You’ll want to use cchsflow on your own CCHS data that you’ll need to first load: something like cchs2001 <- read.csv("~/data/cchs2001.csv")
. CCHS PUMF data can be obtained from Statistics Canada.
DHH_SEX
is the name of the harmonized variable for sex. Up to 2007, the variable names in CCHS changed every cycle. Since 2007, there has generally been a consistent name. cchsflow uses the variable name from the 2007 cycle whenever possible. For example, in the CCHS 2001, the variable for sex is DHHA_SEX
and in CCHS 2007 the same variable is DHH_SEX
. This name, DHH_SEX
is the harmonized name for sex, meaning DHHA_SEX
is transformed to DHH_SEX
using rec_with_table()
.
The rules for the transformation and harmonization are in two dataframes that are included in variables
and variable_details
, both included in cchsflow. There are vignettes that further describe variables
and variable_details
, including how to add or customize transformed variables.
cchsflow includes commonly used sociodemographic, health behaviour and health status variables. In general, variables across CCHS cycles can be grouped into five categories:
Consistent and unchanged across all cycles. These variables have no changes to the wording of the question that was asked, the response values and who was asked the question (same inclusion criteria and skip pattern).

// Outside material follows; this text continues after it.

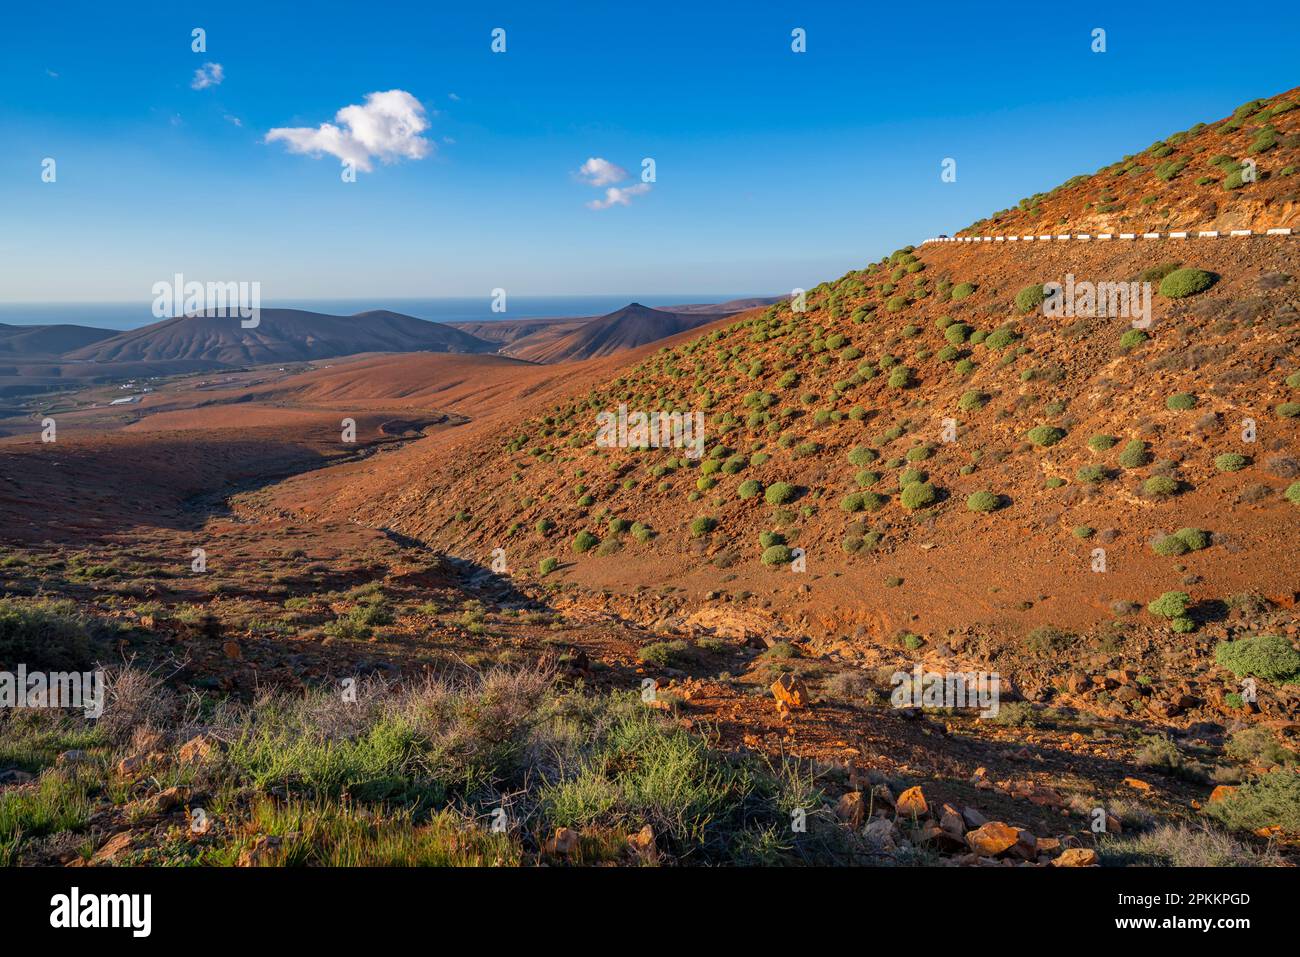 View of landscape from near Mirador de Las Penitas view point, Betancuria, Fuerteventura, Canary Islands, Spain, Atlantic, Europe Stock Photo

Mostly consistent across cycles. These variables may have a small change in wording or response category. Notes for these variables are printed to the console when they are recoded with rec_with_table()
. The notes are contained in variable_details$notes
. Caution is required when using these variables. The notes should be reviewed to assess whether these variables can be used in your study. See Example 2.
Either not collected in all cycles or have major changes between cycles. These variable may be included in cchsflow with a note that says which cycles include the variable and can be transformed to a common variable. See Example 4.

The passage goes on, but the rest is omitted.